Since last fall, almost 300 people, mostly children, have come down with measles in New York City, with the majority centered in the ultra-Orthodox Jewish communities in Williamsburg and Borough Park in Brooklyn.
"We have a situation now where children are in danger", de Blasio said at a news conference.
The mandatory vaccination order follows an order from the Health Department last week requiring yeshivas and day-care programs serving Williamsburg's Orthodox Jewish community to exclude unvaccinated children or face fines or closure.
The city can't legally physically force someone to get a vaccination, but officials said people who ignore the order could be fined $1,000. Officials there banned children not vaccinated against measles from public spaces last month.
The outbreak is part of a broader resurgence in the United States, with 465 cases reported in 19 states so far this year, according to the U.S. Centers for Disease Control and Prevention. While there have been no confirmed deaths so far, 21 people have been taken to hospital, with five admitted to intensive care, officials said. "I urge everyone, especially those in affected areas, to get their [mumps-measles-rubella] vaccines to protect their children, families and communities".
Schlesinger is trying to reverse false information being spread about the measles vaccine through the Orthodox community. Officials in New York City were no different in their blame.
The city threatened to close Orthodox Jewish schools in the Brooklyn neighborhoods of Williamsburg and Borough Park, where many parents have refused or neglected to vaccinate their children.
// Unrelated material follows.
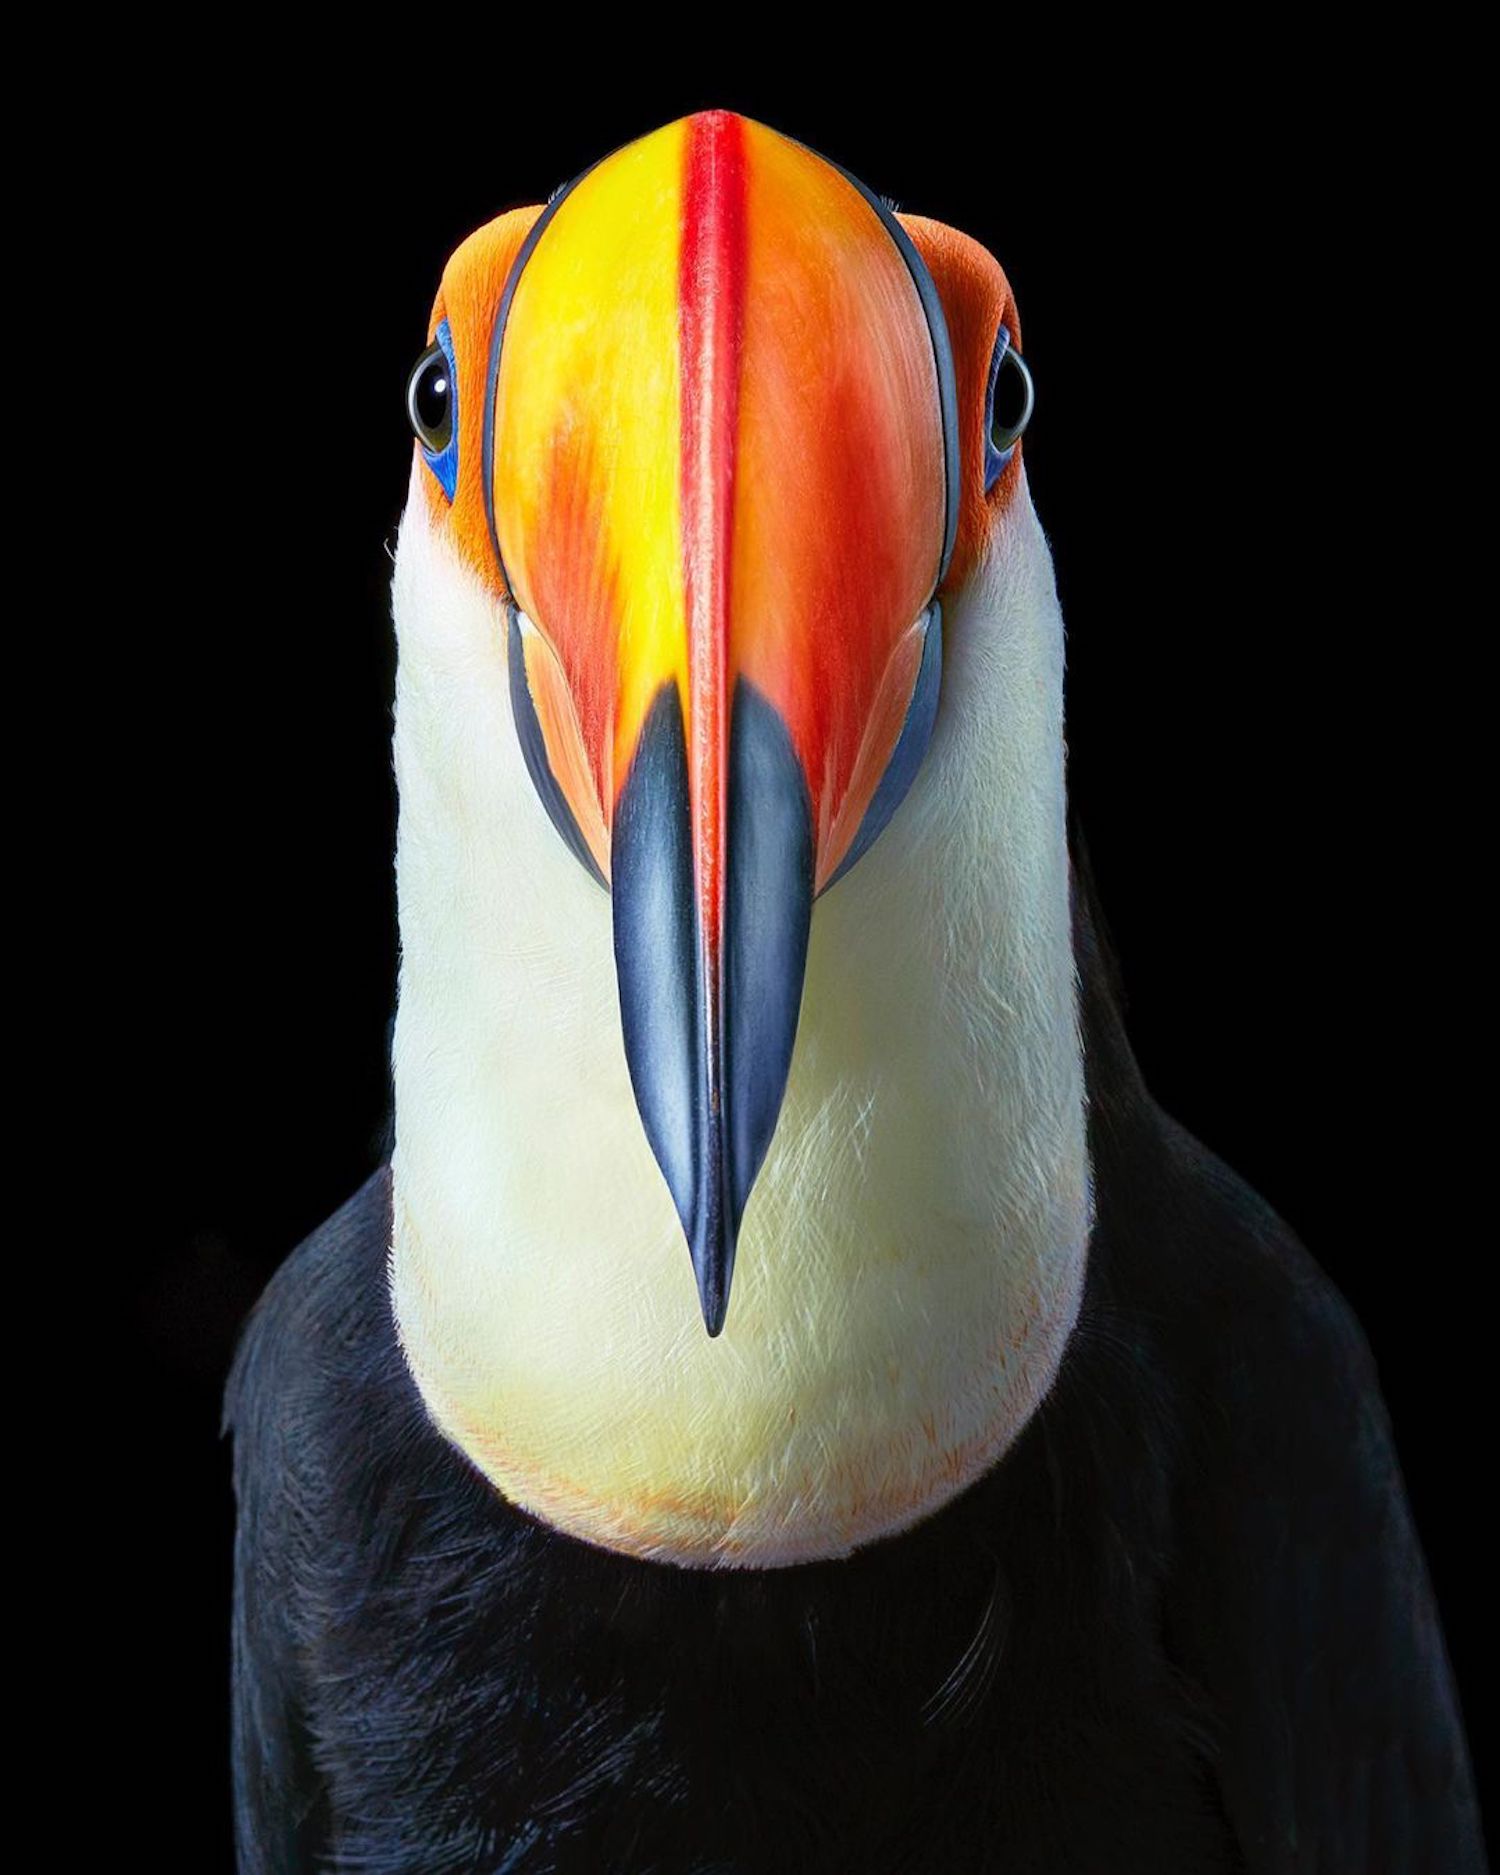 Le photographe Tim Flach capture des portraits saisissants d'oiseaux en voie de disparition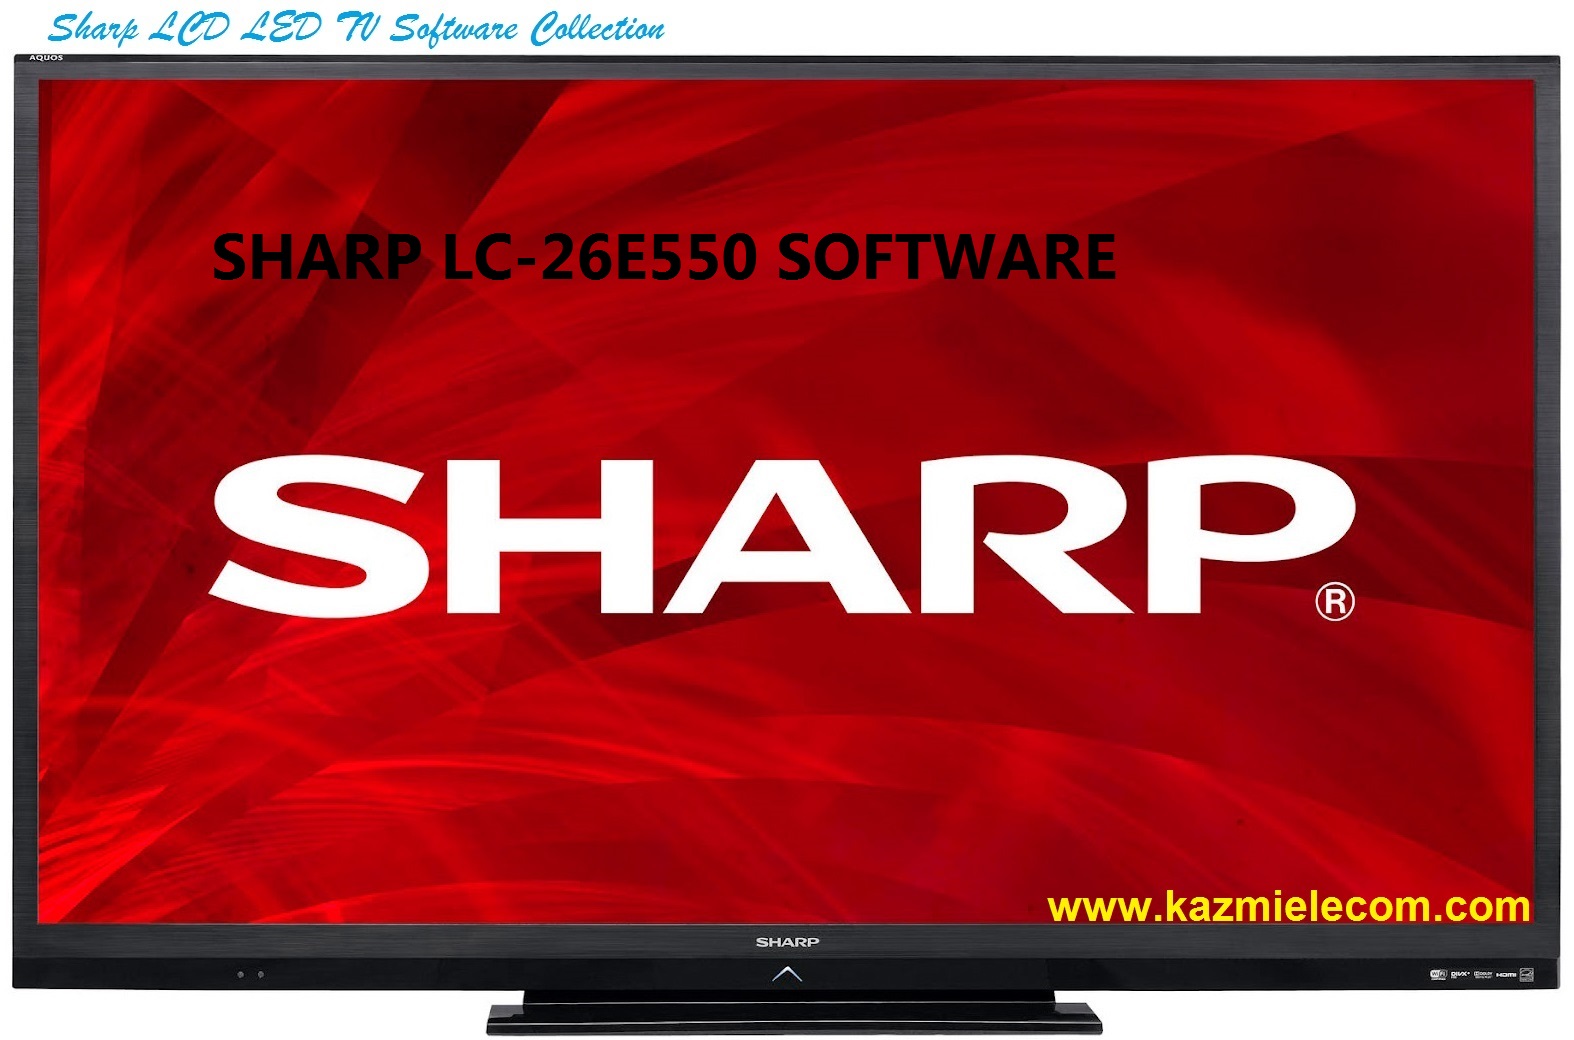 Sharp Lc-26E550

"This outbreak is being fueled by a small group of anti-vaxxers in these neighborhoods".
A judge has lifted Rockland County, N.Y.'s emergency declaration keeping unvaccinated minors out of public places.
"I understand that parents may be afraid of getting their children vaccinated", said Health Commissioner Oxiris Barbot. "They have been spreading risky misinformation based on fake science", Dr. Barbot said in the statement.
Experts insist vaccines are safe and necessary to protect the larger community from highly infectious diseases like measles, which can cause severe diarrhea, pneumonia and vision loss and can be fatal in some cases.